- _ENTRIES SHOWN_

========================

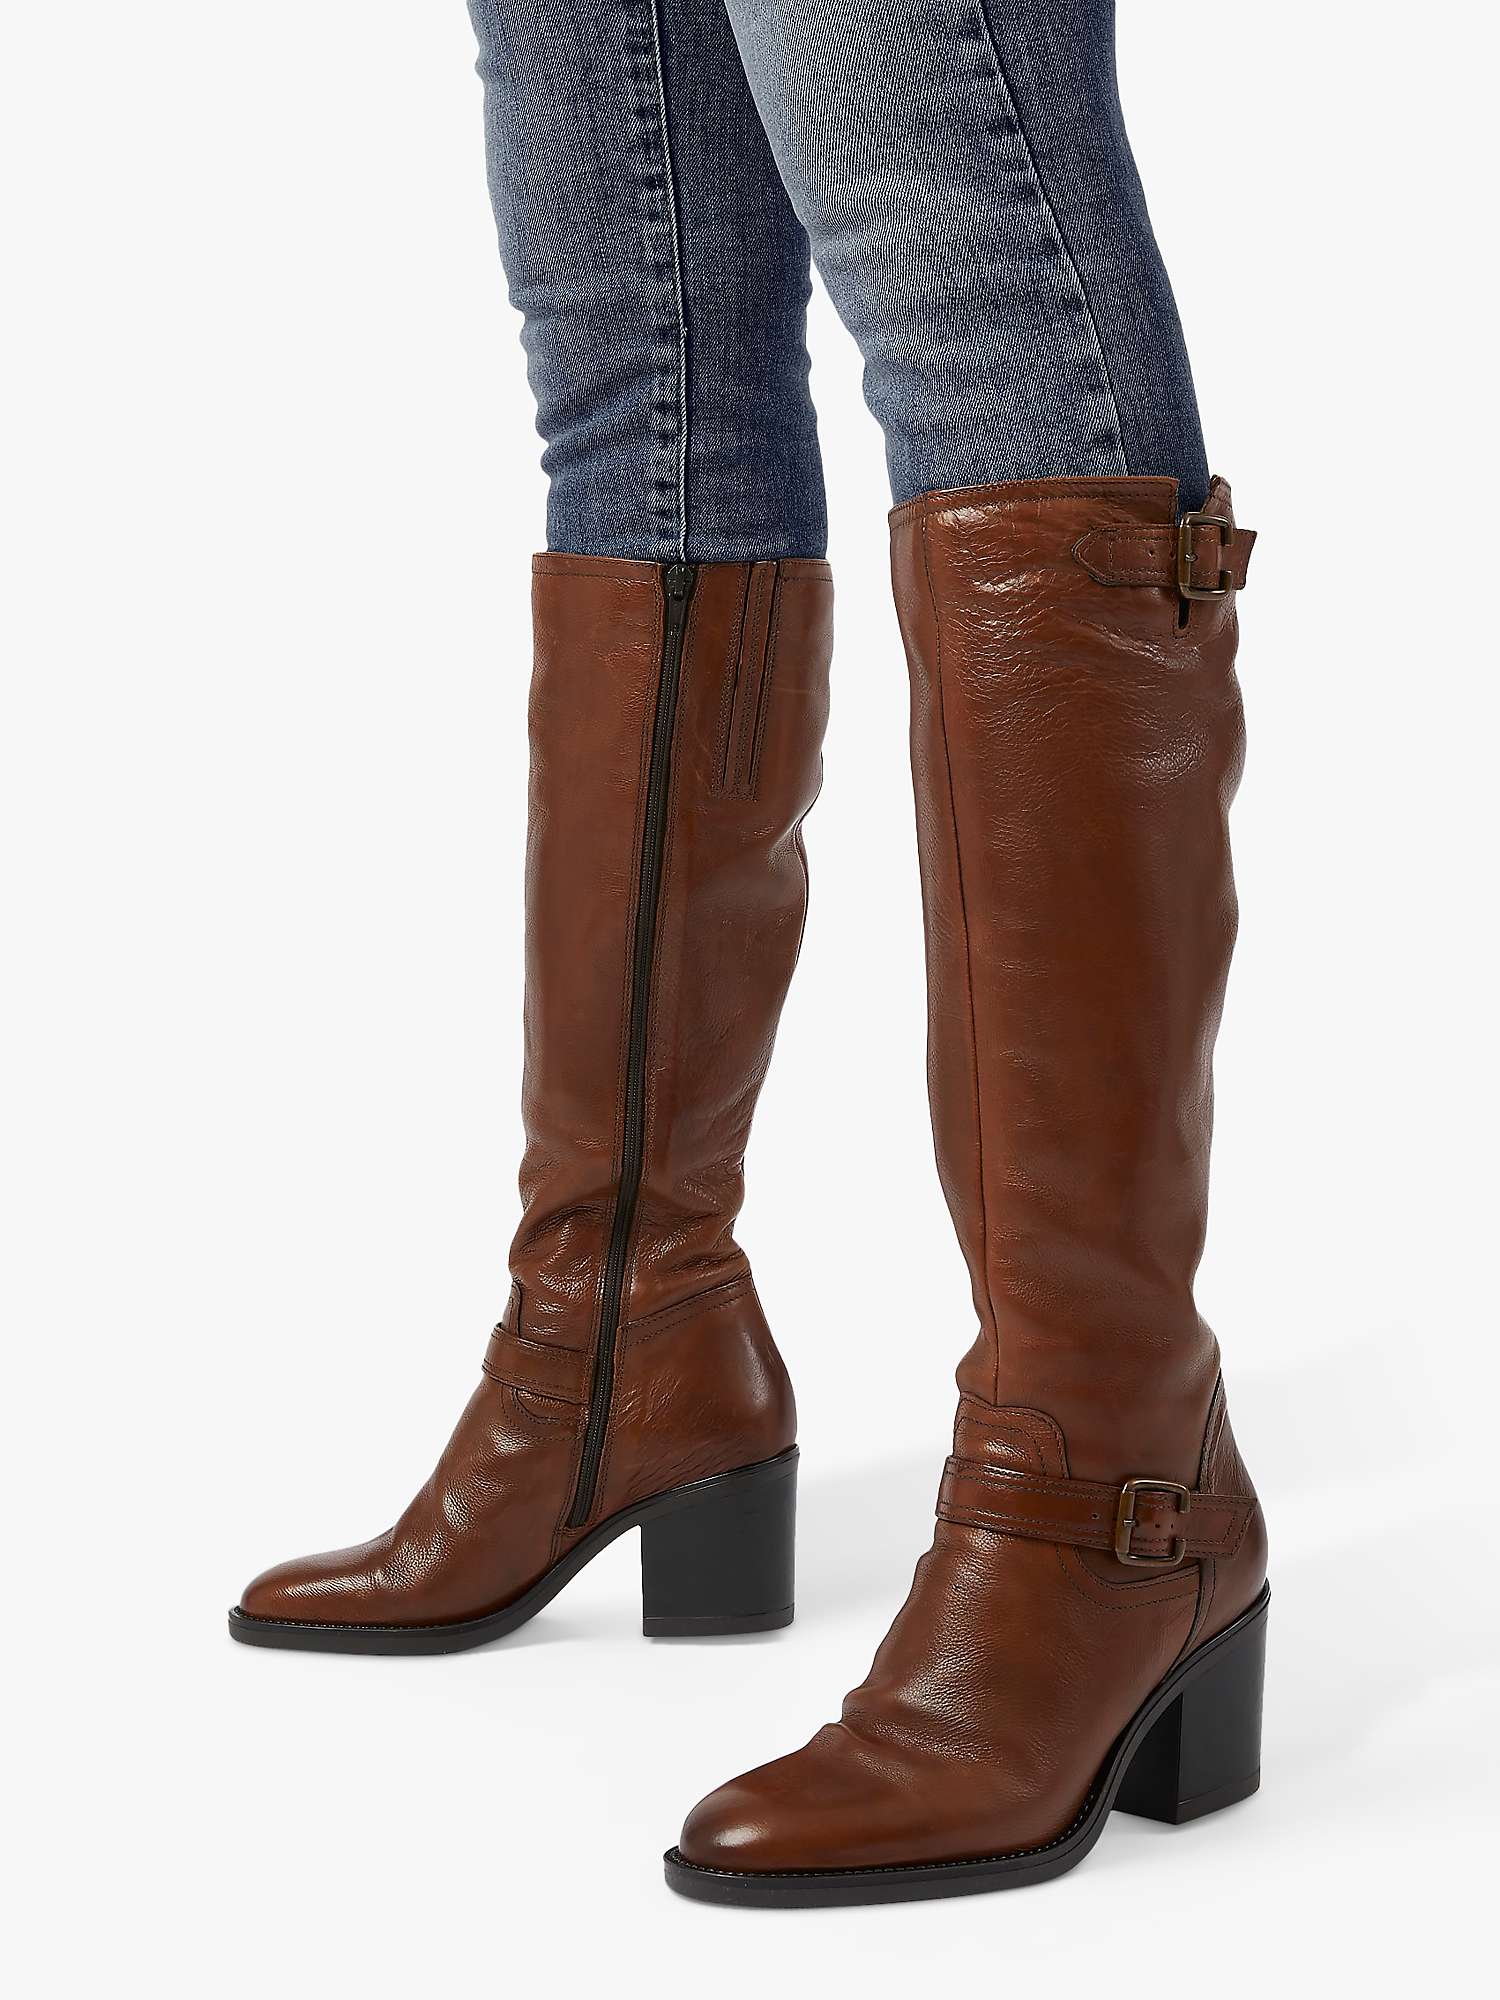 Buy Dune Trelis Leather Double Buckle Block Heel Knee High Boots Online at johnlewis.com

========================

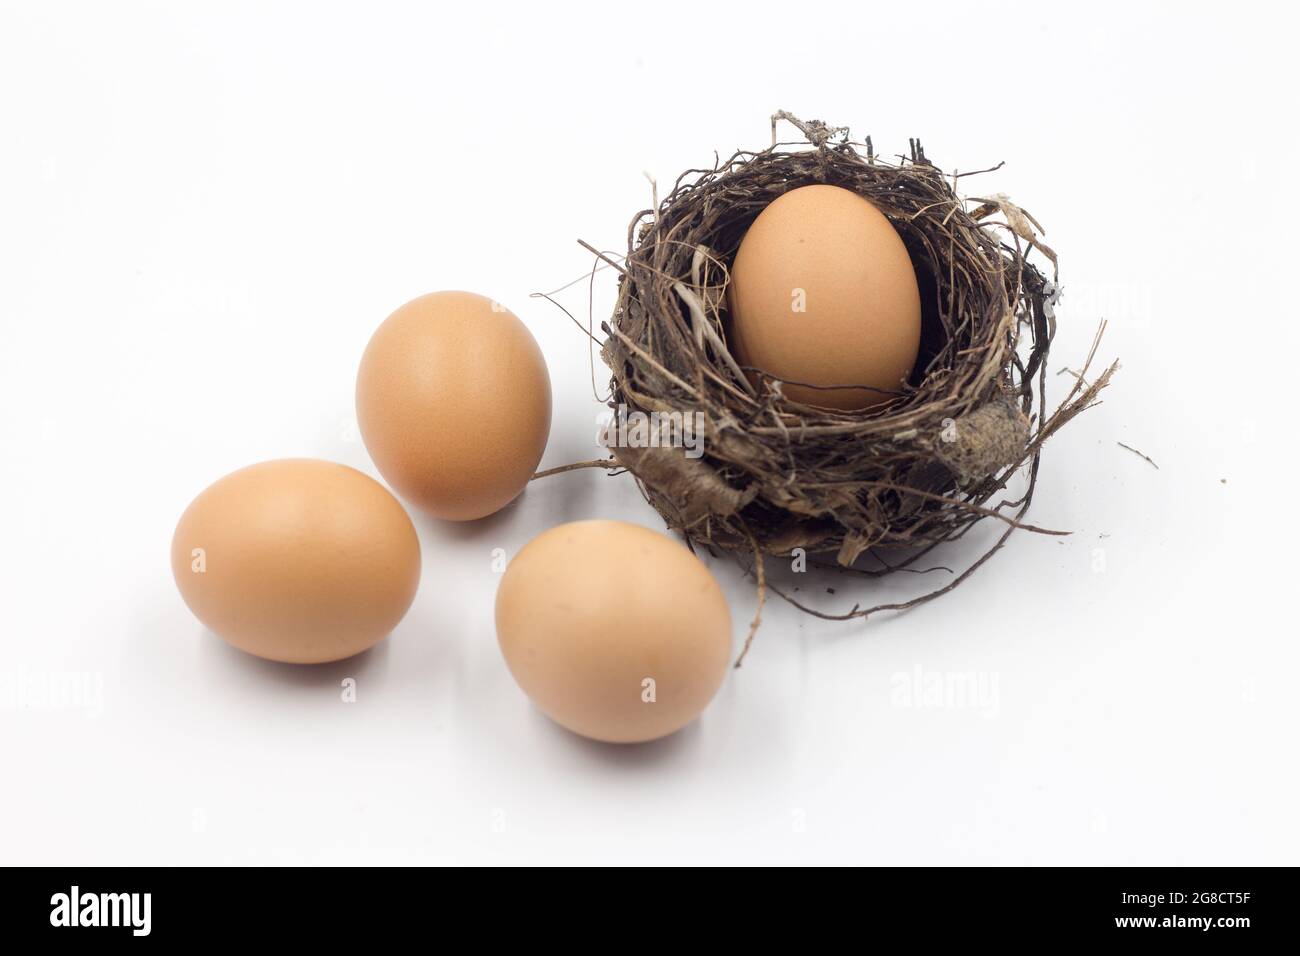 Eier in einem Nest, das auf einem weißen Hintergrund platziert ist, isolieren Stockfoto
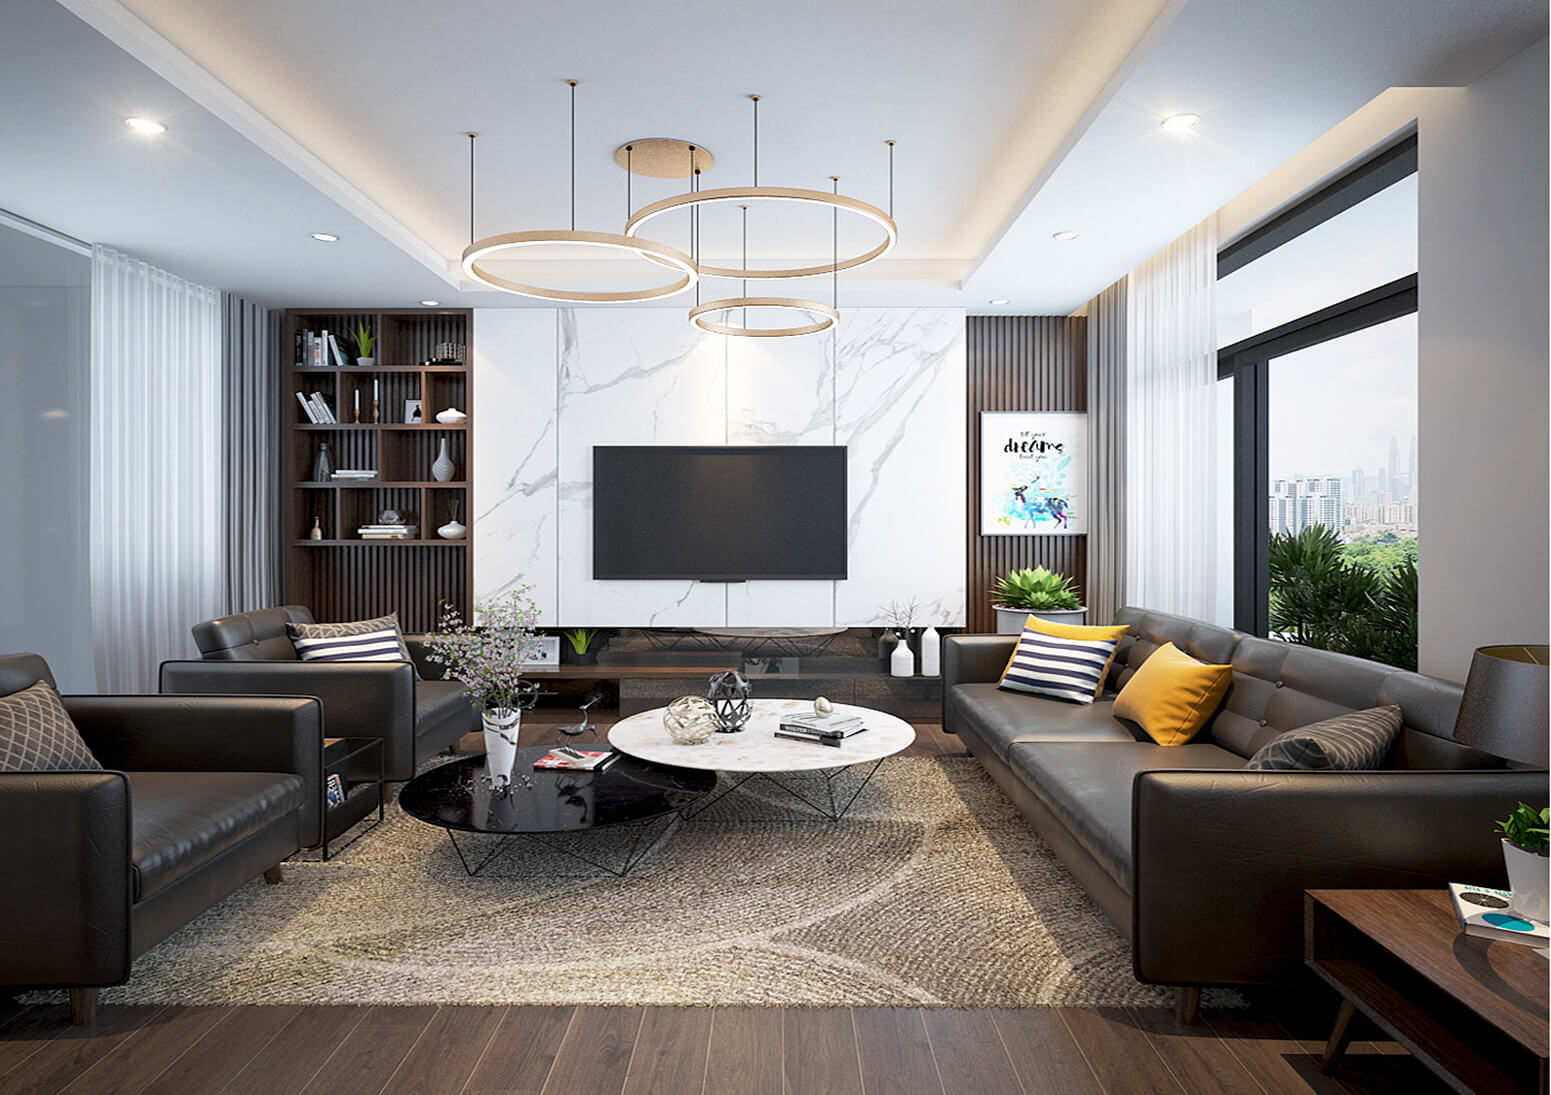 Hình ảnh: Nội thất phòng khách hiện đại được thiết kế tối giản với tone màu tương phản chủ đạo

========================

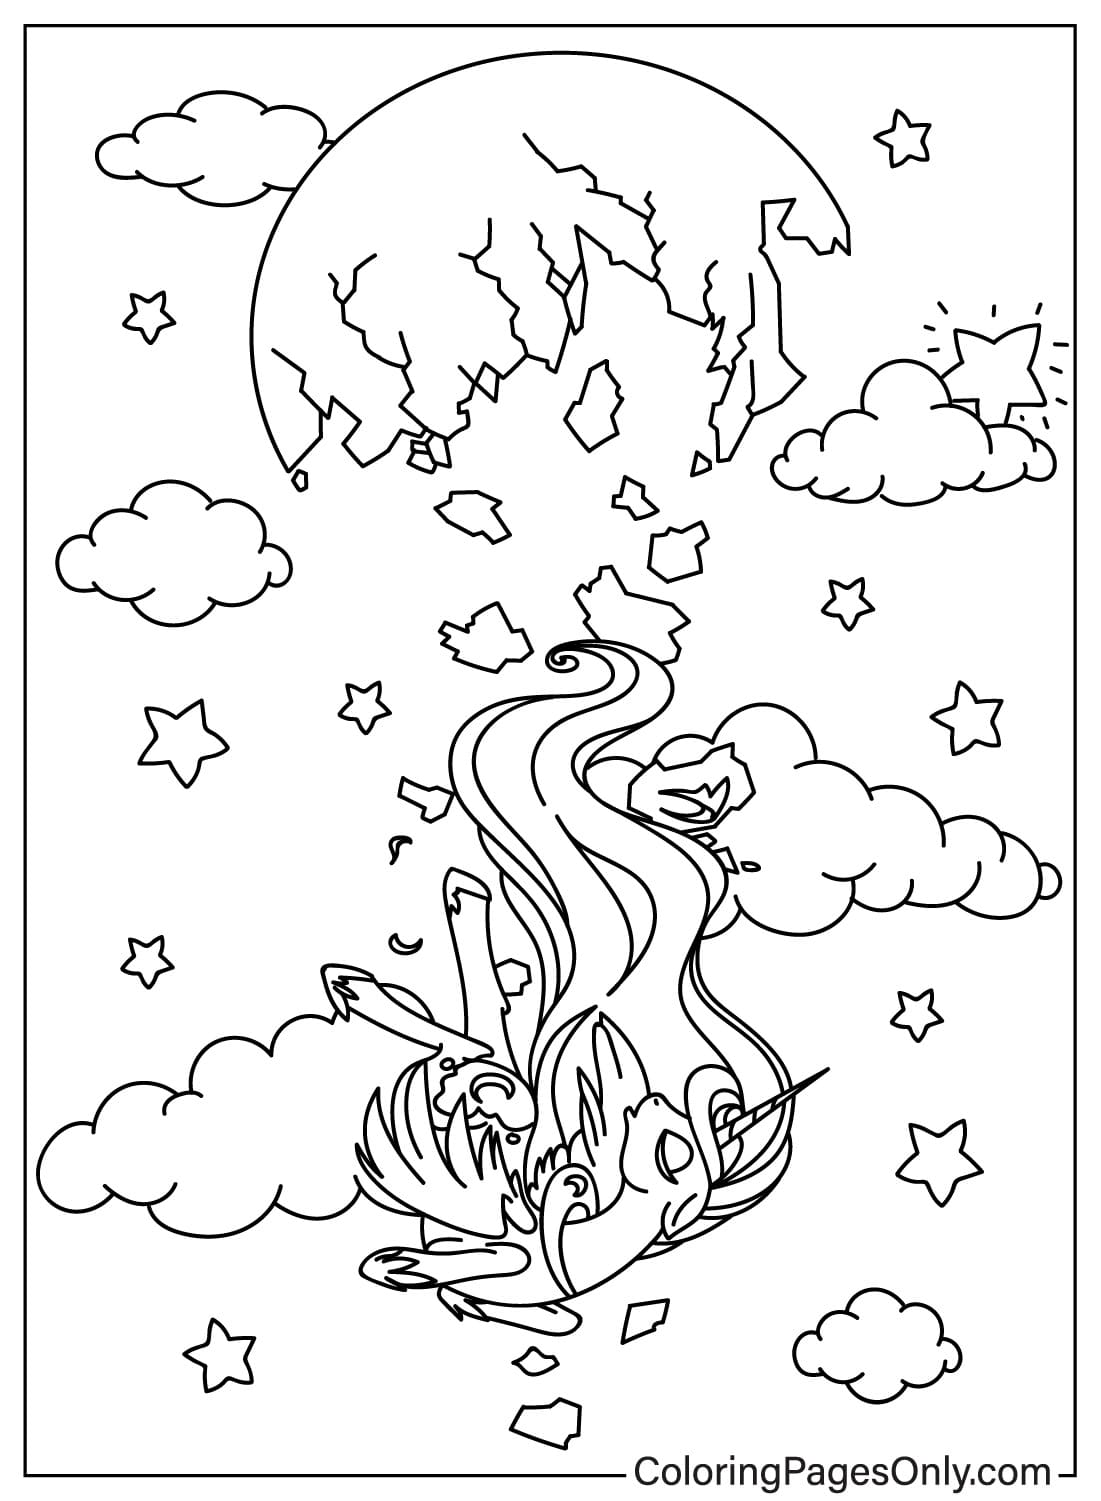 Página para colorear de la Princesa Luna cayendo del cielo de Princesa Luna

========================

- _WHAT THE EXERCISE ASKS_
Keep to the stretch from the line containing "Eier in einem" through the line containing "Hình ảnh: Nội", both ends included, and copy it exactly from the listing above, minus the pictures.

- _EXERCISE RESPONSE_
 Eier in einem Nest, das auf einem weißen Hintergrund platziert ist, isolieren Stockfoto
 Hình ảnh: Nội thất phòng khách hiện đại được thiết kế tối giản với tone màu tương phản chủ đạo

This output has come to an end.